How did lurbinectedin exposure affect fetal development?

How did lurbinectedin reach the fetus in animal studies?
Lurbinectedin crossed the placental barrier in rats and rabbits, producing measurable drug levels in fetal tissues after maternal dosing.

What birth defects appeared in rat and rabbit fetuses?
Exposed fetuses showed increased rates of skeletal malformations, external abnormalities, and reduced fetal body weight compared with unexposed controls.

Did the effects depend on dose and timing?
Malformations and growth reduction occurred mainly at doses that also caused maternal toxicity and during organogenesis, the period of greatest fetal sensitivity.

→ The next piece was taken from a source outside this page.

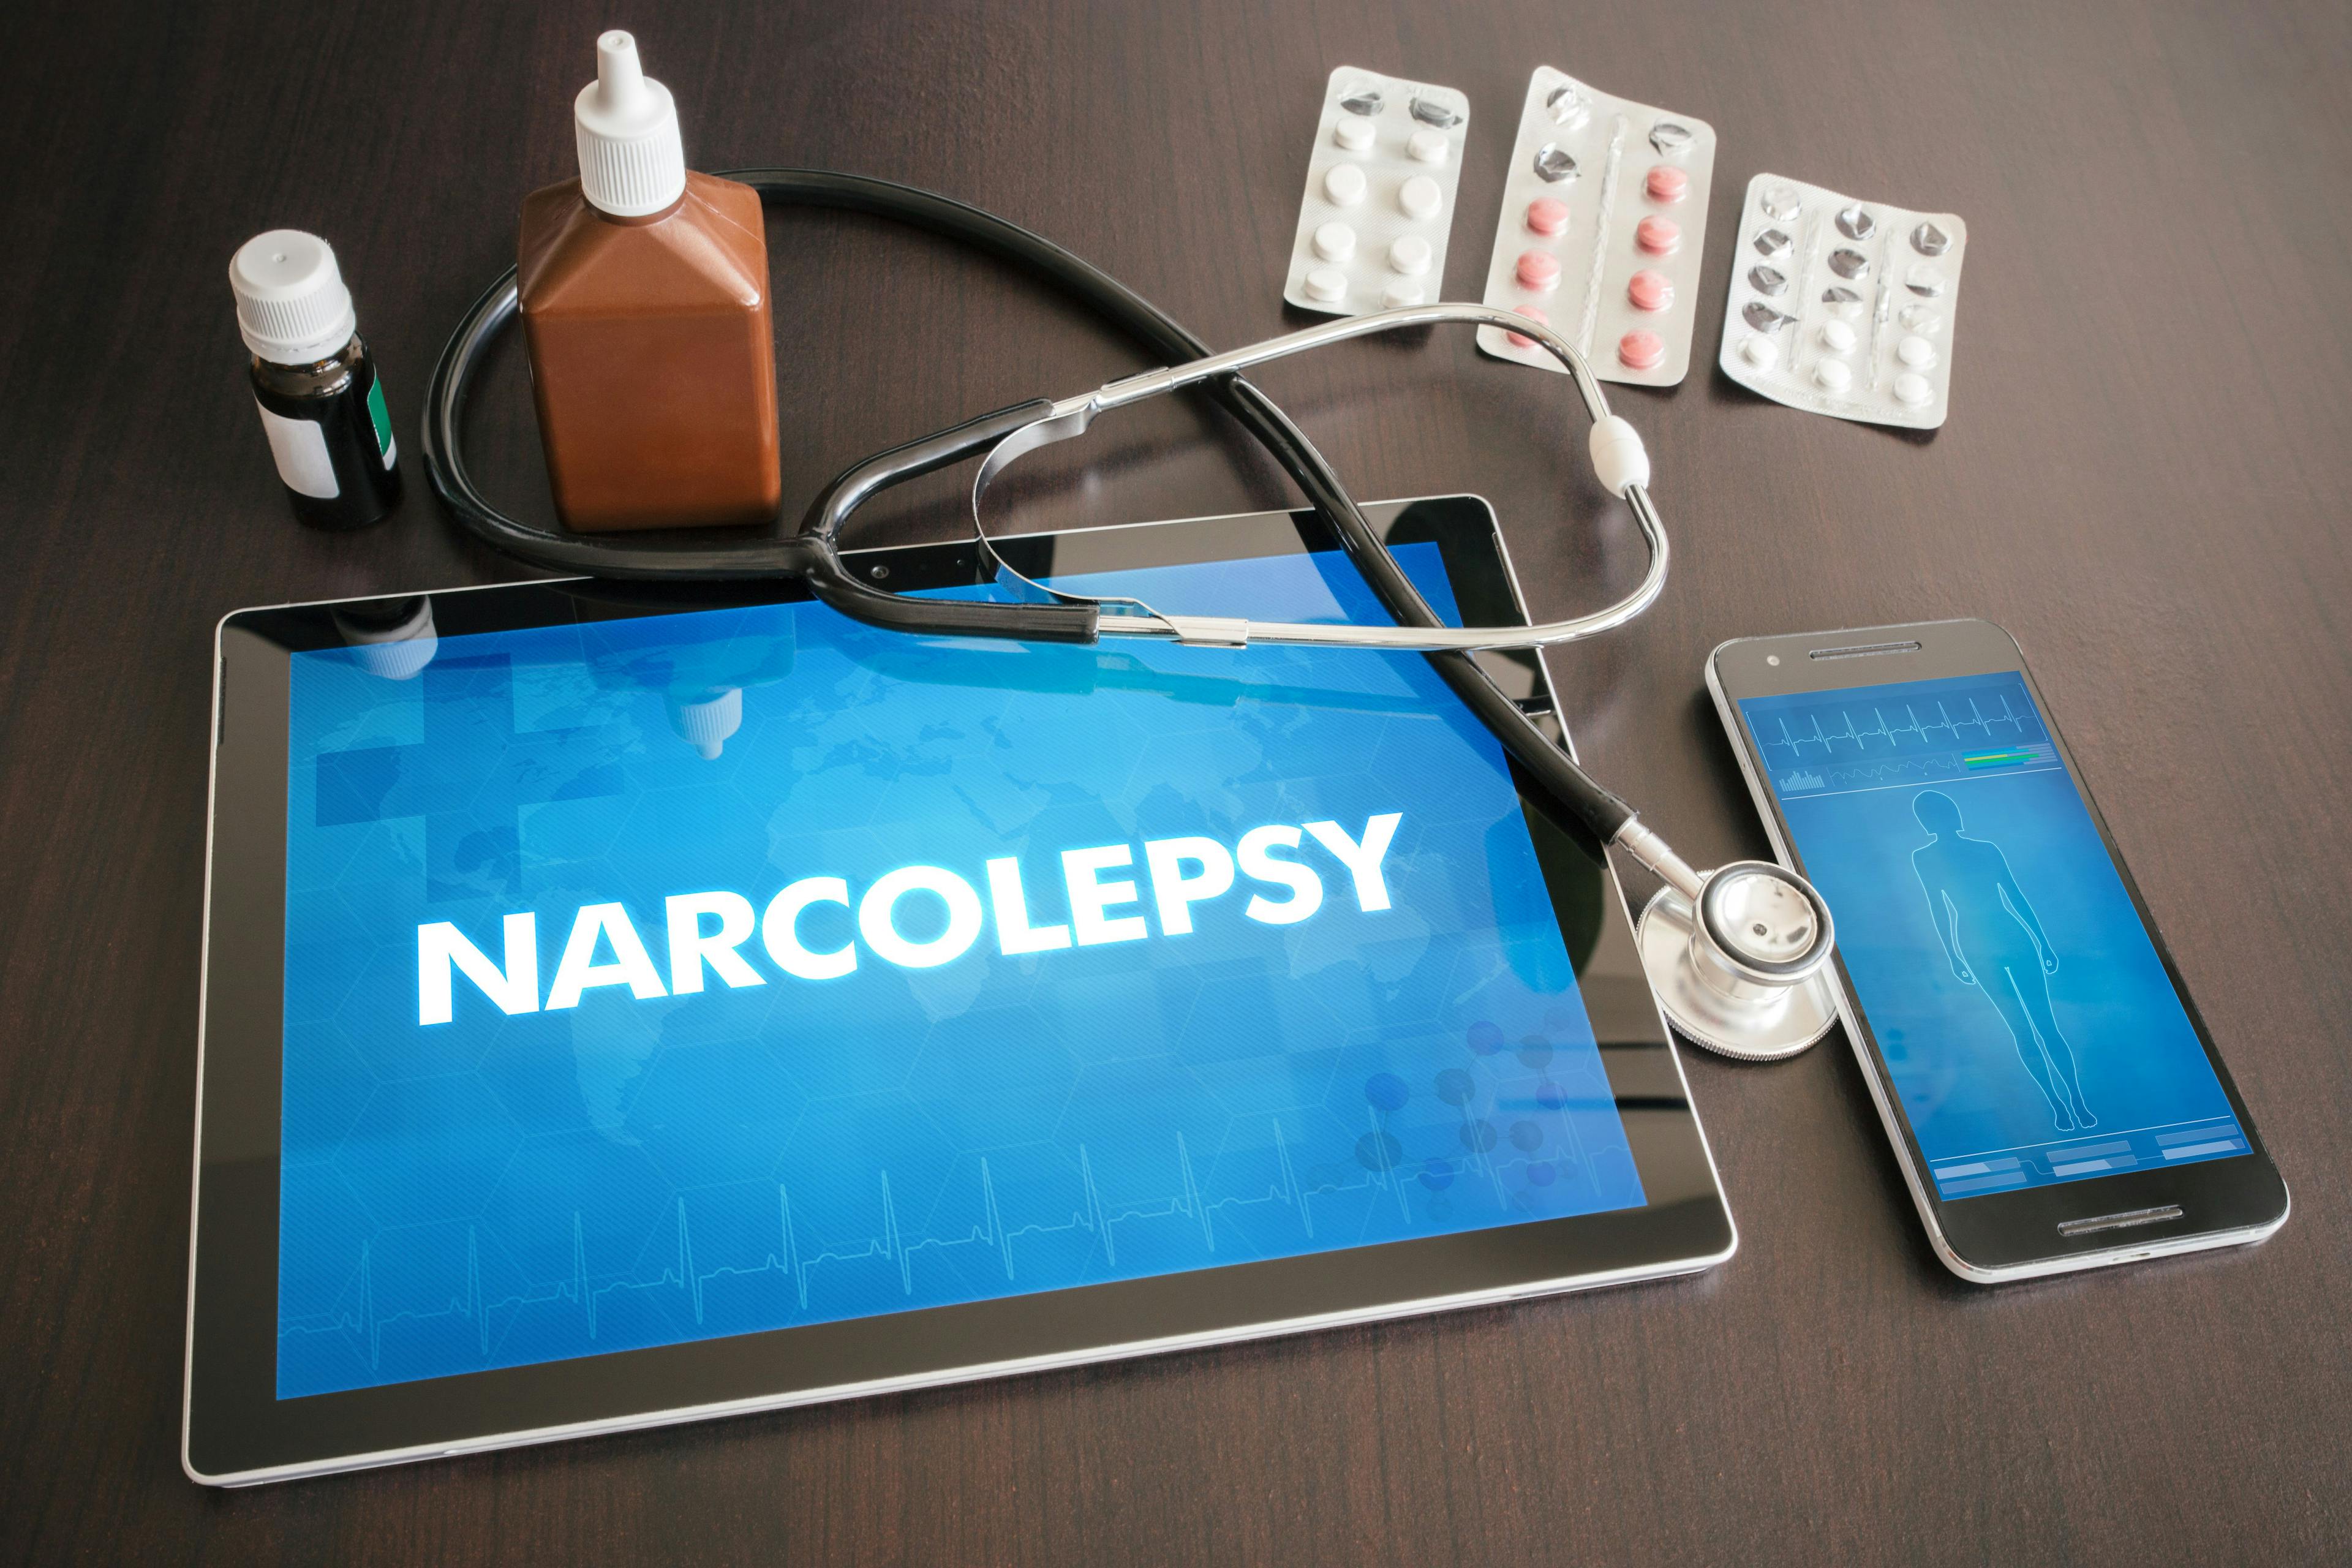 Image credit: ibreakstock | stock.adobe.com. Narcolepsy (neurological disorder) diagnosis medical concept on tablet screen with stethoscope

How does this compare with other DNA-damaging oncology drugs?
Similar patterns of embryofetal toxicity have been reported for other alkylating agents used in cancer treatment, suggesting a shared mechanism of DNA damage during rapid cell division.

What do the findings imply for human pregnancy?
No controlled human data exist, but the animal results support current recommendations to avoid lurbinectedin in pregnant patients and to require effective contraception during and after treatment.

When does the drug’s label advise contraception use?
Women of reproductive potential are instructed to use effective contraception during therapy and for at least six months afterward; men with female partners should use contraception for four months after the last dose.

Are biosimilars or alternative agents under development?
No biosimilars of lurbinectedin are approved, and alternative therapies for relapsed small-cell lung cancer remain limited, keeping the drug’s risk–benefit profile under ongoing regulatory review.